__Brief__
When you repeat the material, keep each line exact and omit the pictures.

[[ Source data open ]]

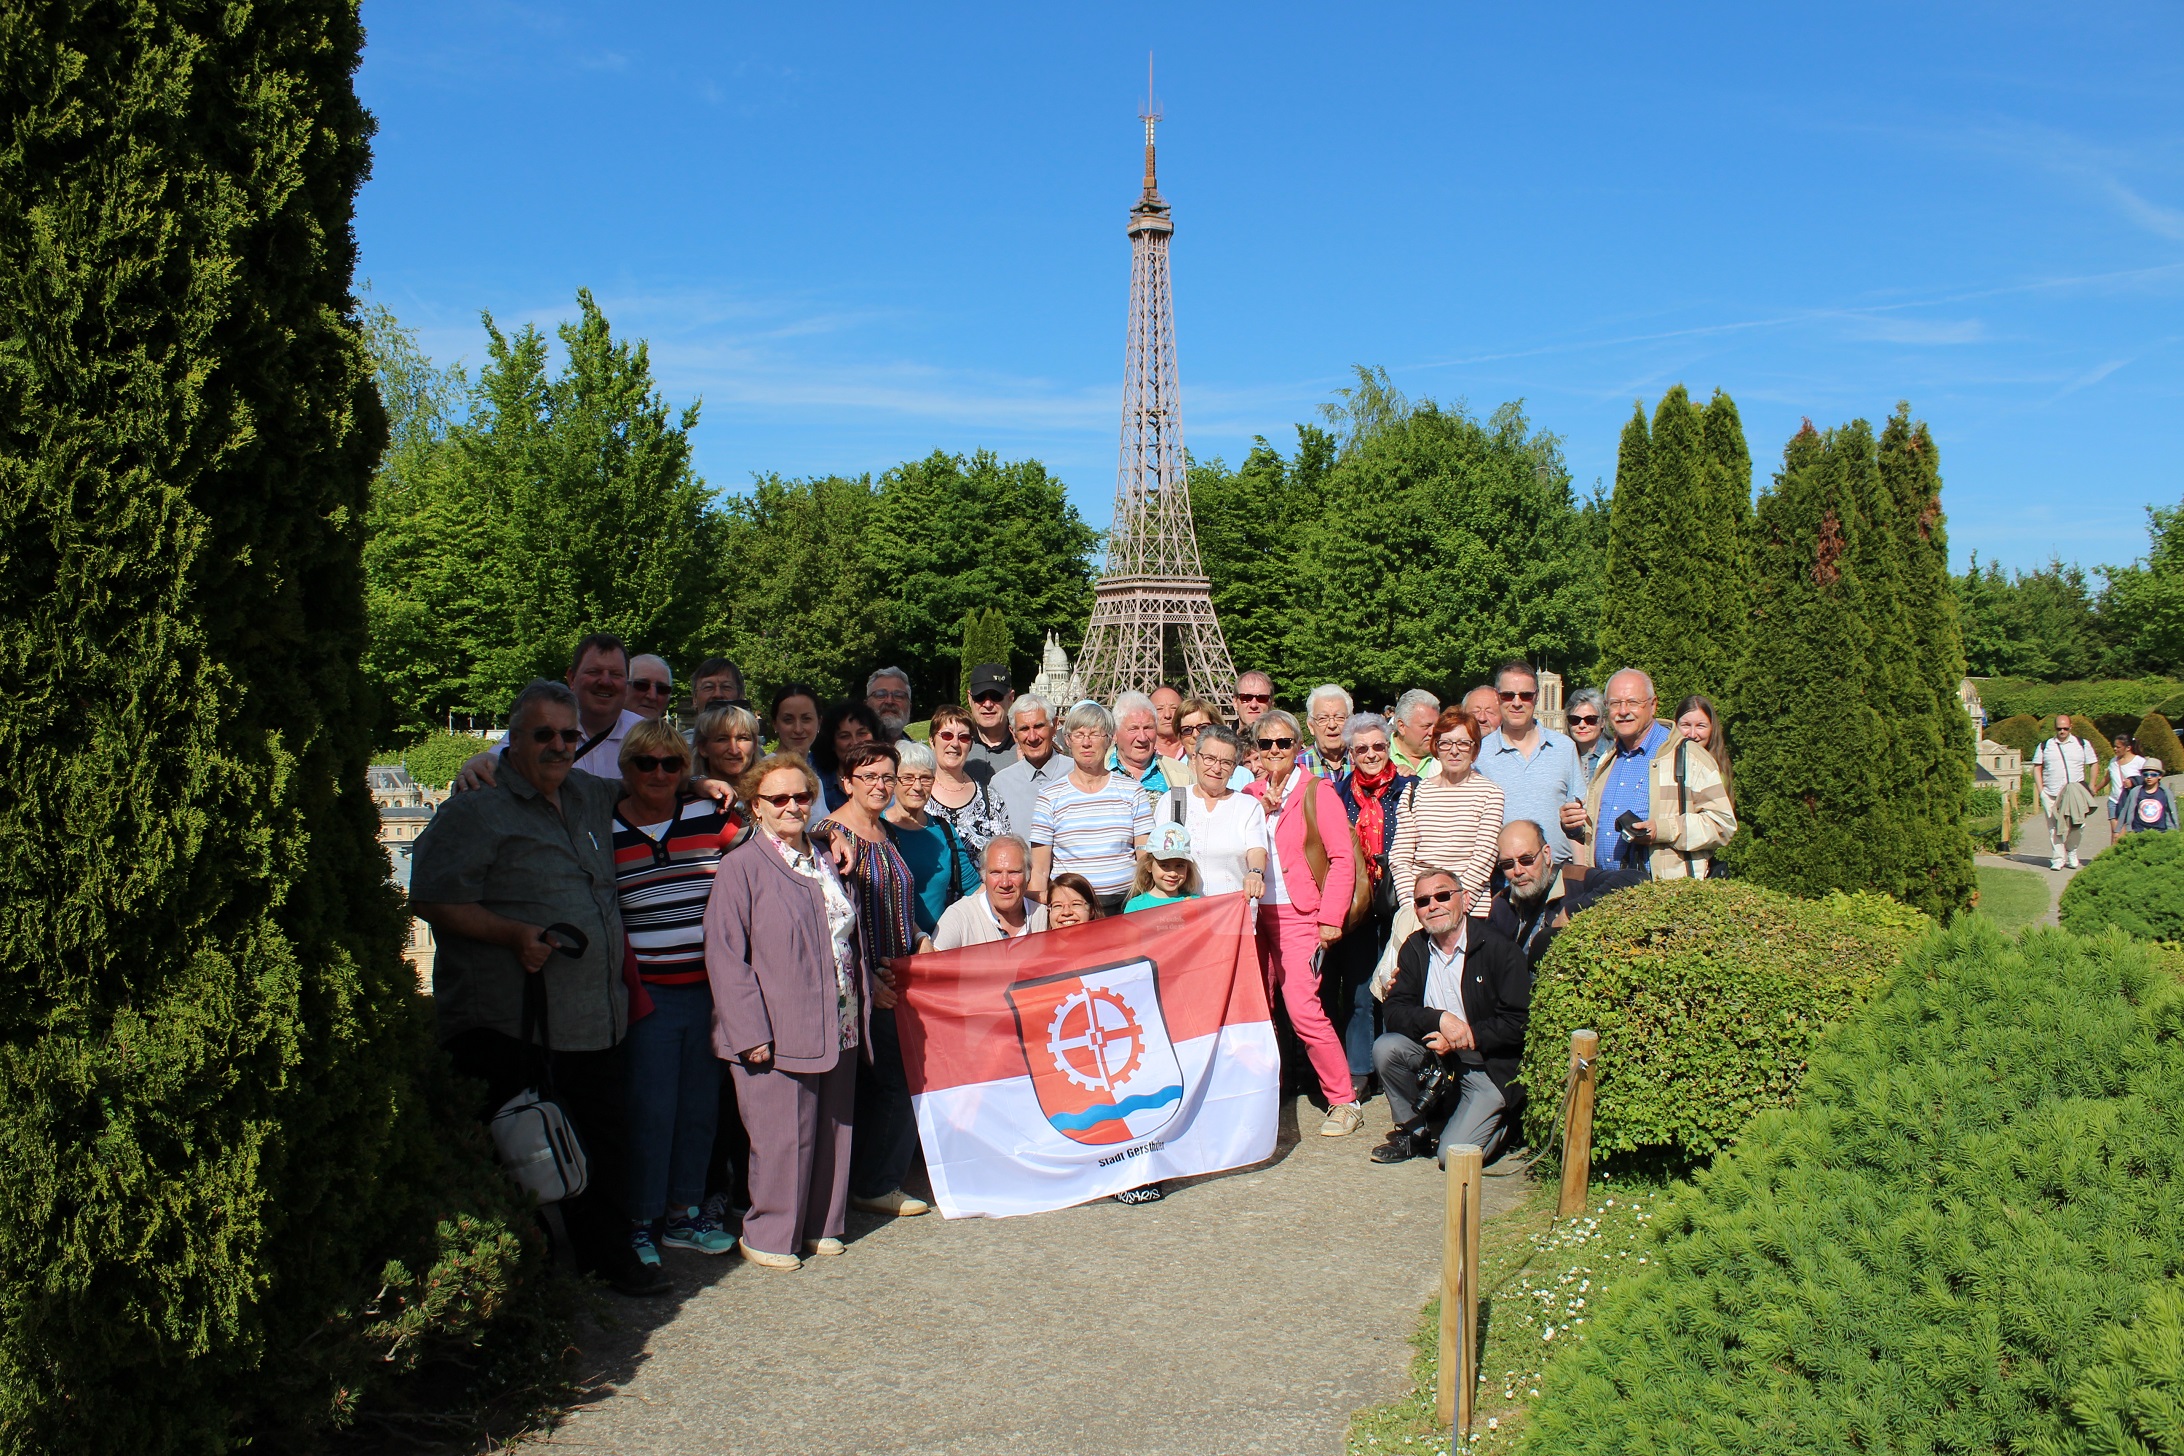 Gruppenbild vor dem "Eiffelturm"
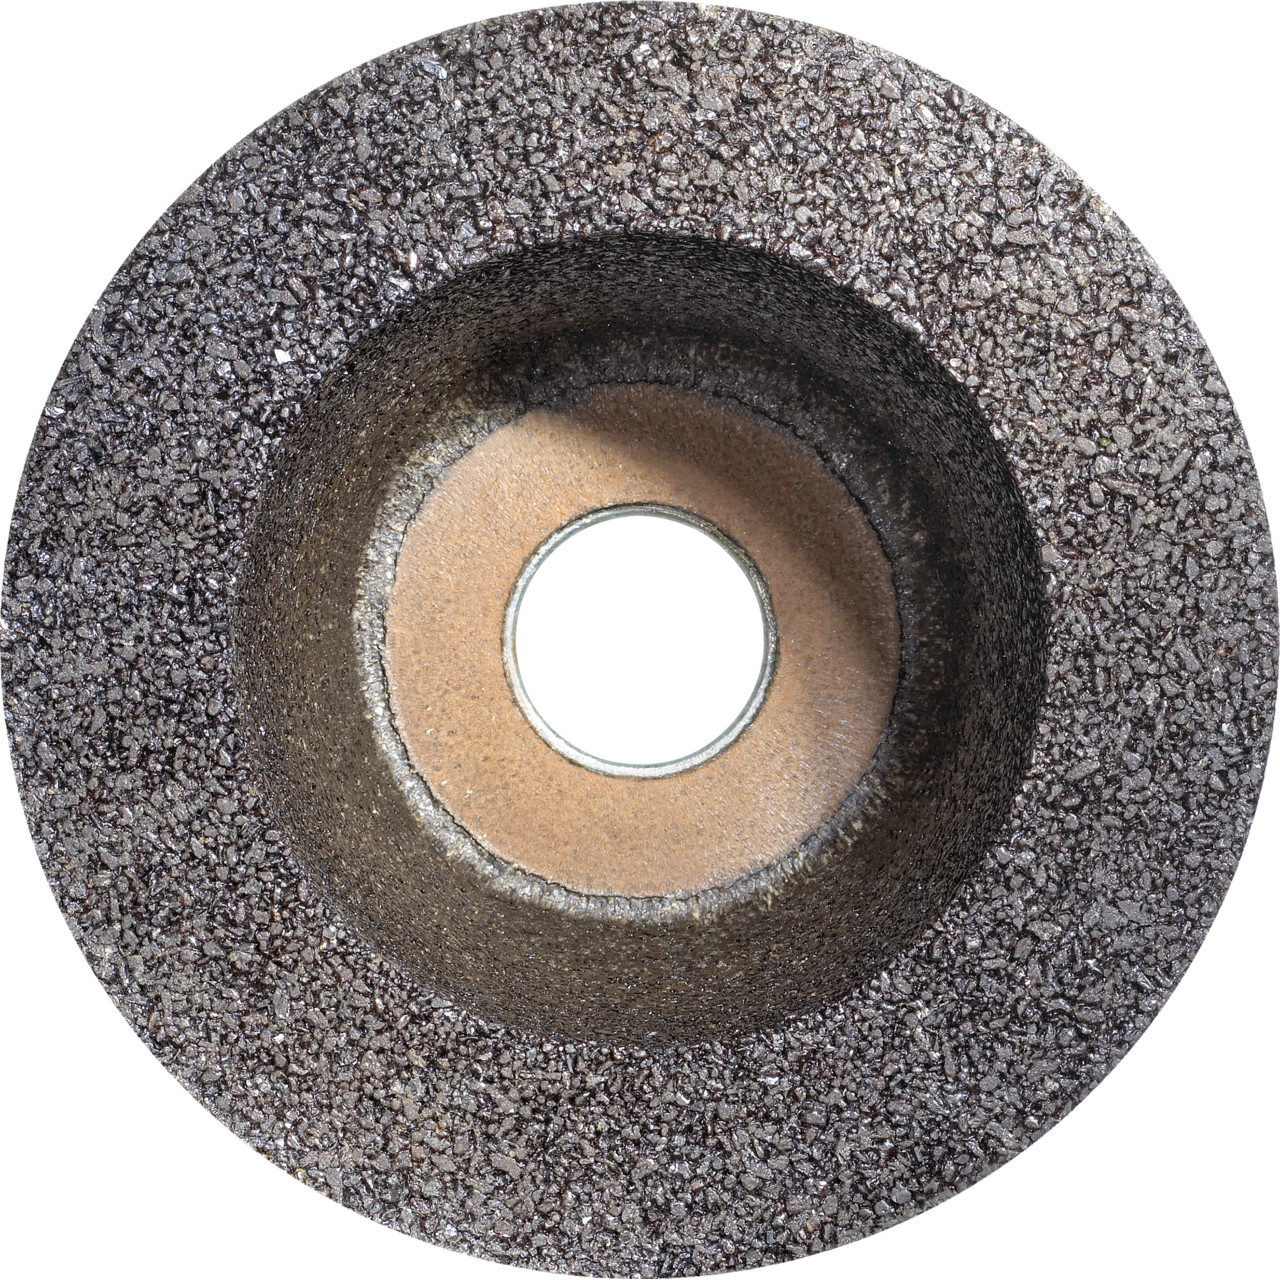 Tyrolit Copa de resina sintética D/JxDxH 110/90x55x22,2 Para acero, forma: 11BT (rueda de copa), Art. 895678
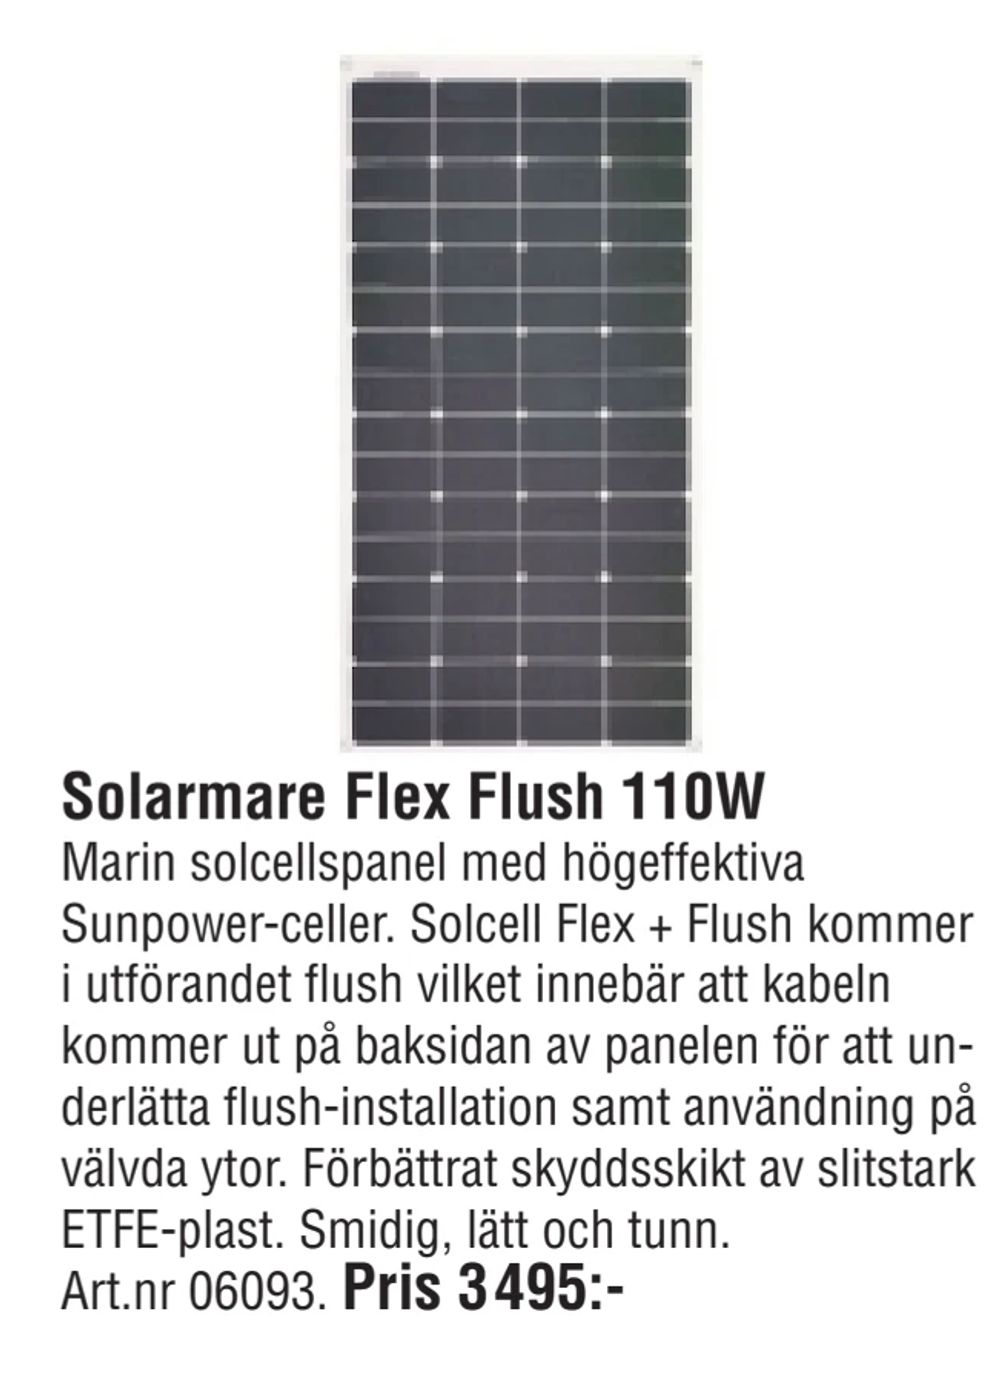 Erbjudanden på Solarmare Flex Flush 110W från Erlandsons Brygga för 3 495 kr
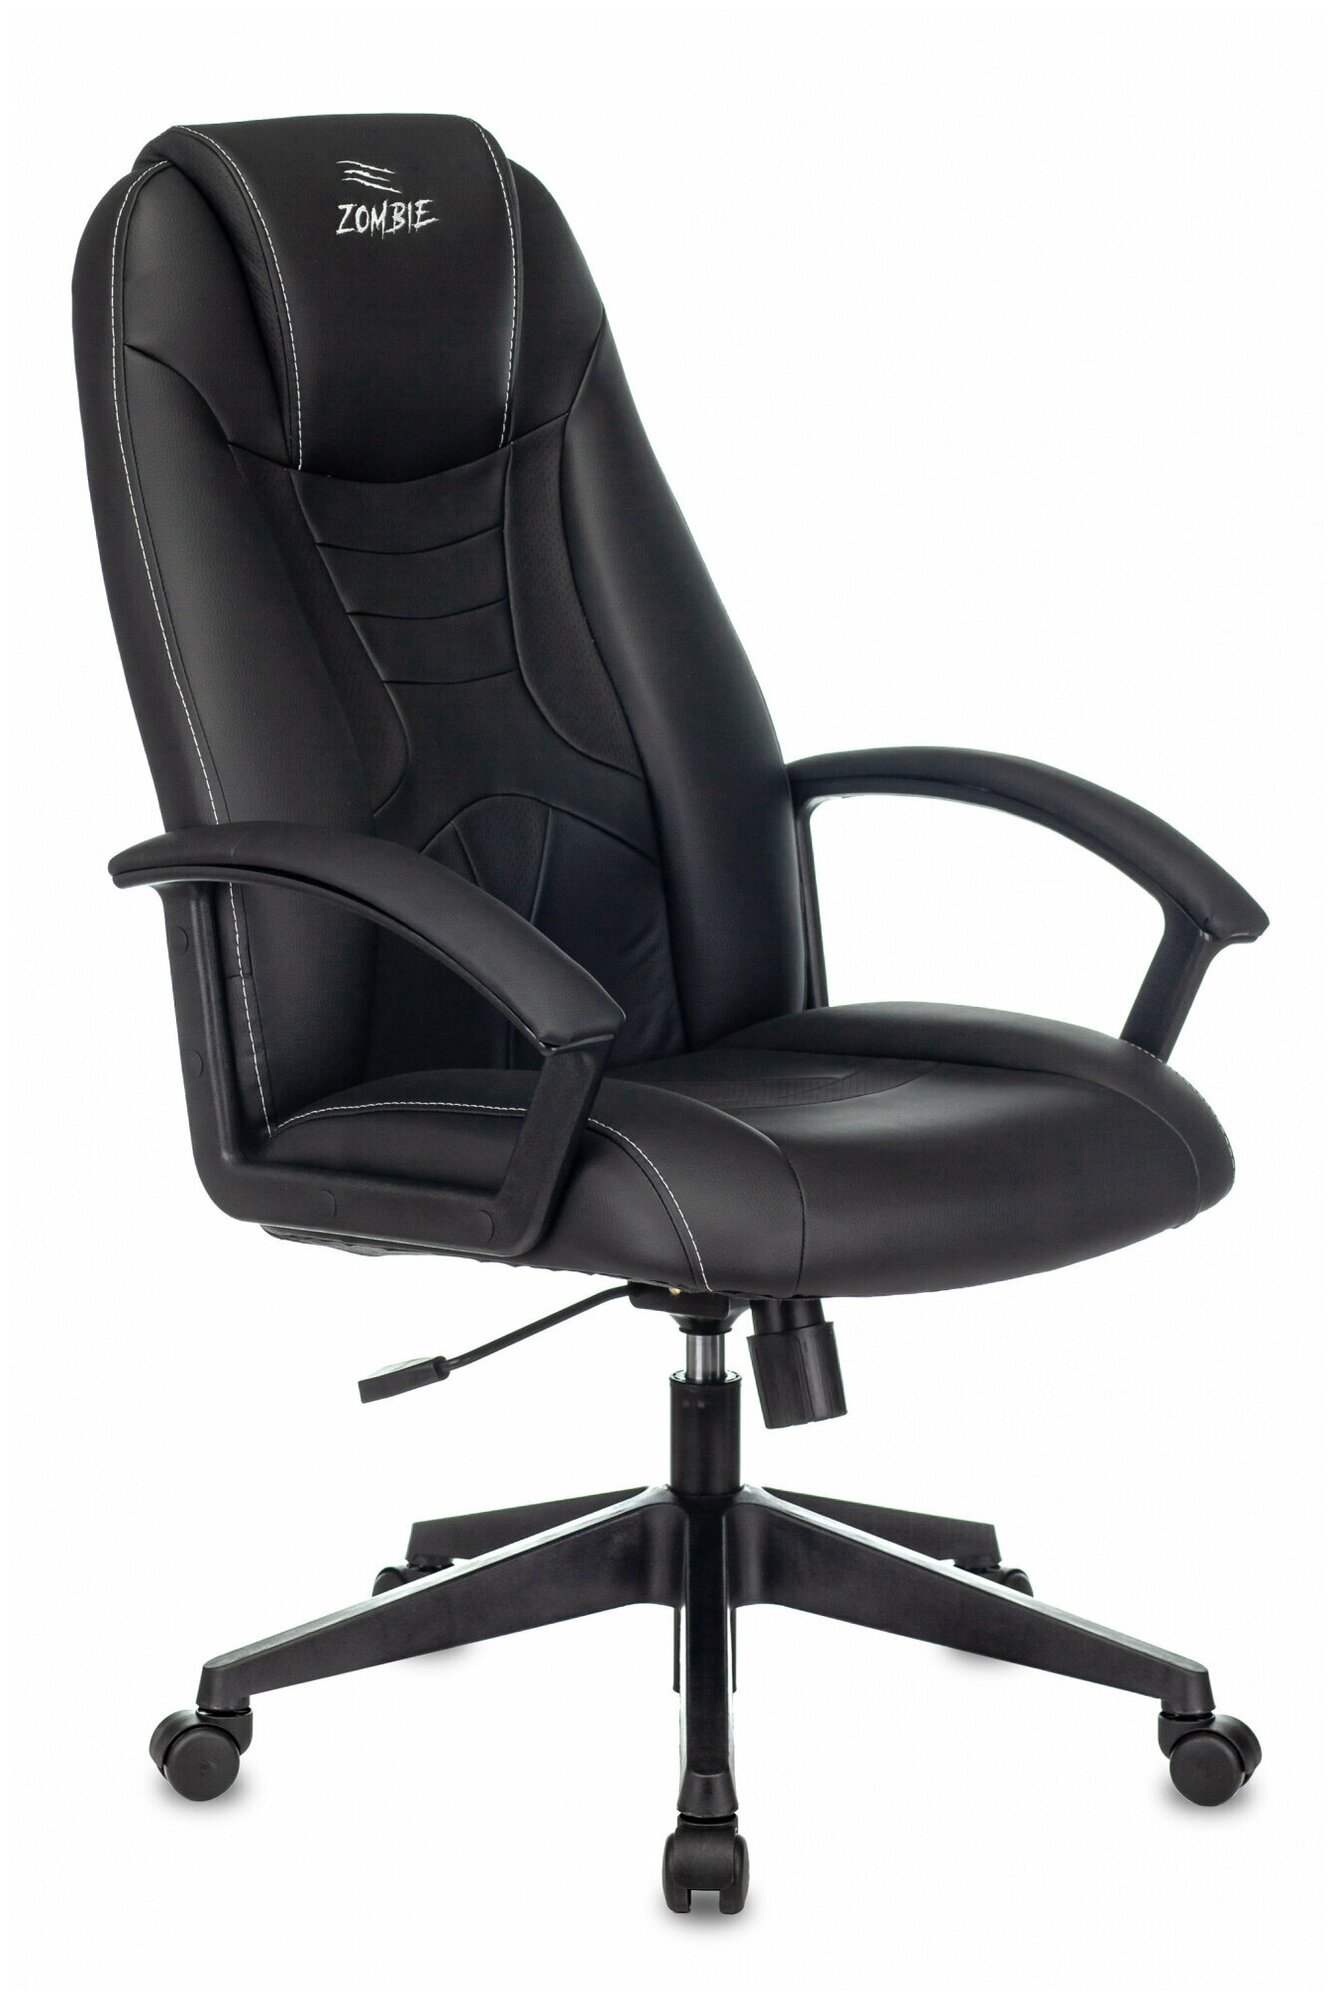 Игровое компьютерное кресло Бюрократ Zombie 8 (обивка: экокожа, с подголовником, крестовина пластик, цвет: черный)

[[ Source data closed ]]

__Problem solution__
 Gruppenbild vor dem "Eiffelturm"
 Tyrolit Copa de resina sintética D/JxDxH 110/90x55x22,2 Para acero, forma: 11BT (rueda de copa), Art. 895678
 Erbjudanden på Solarmare Flex Flush 110W från Erlandsons Brygga för 3 495 kr
 Игровое компьютерное кресло Бюрократ Zombie 8 (обивка: экокожа, с подголовником, крестовина пластик, цвет: черный)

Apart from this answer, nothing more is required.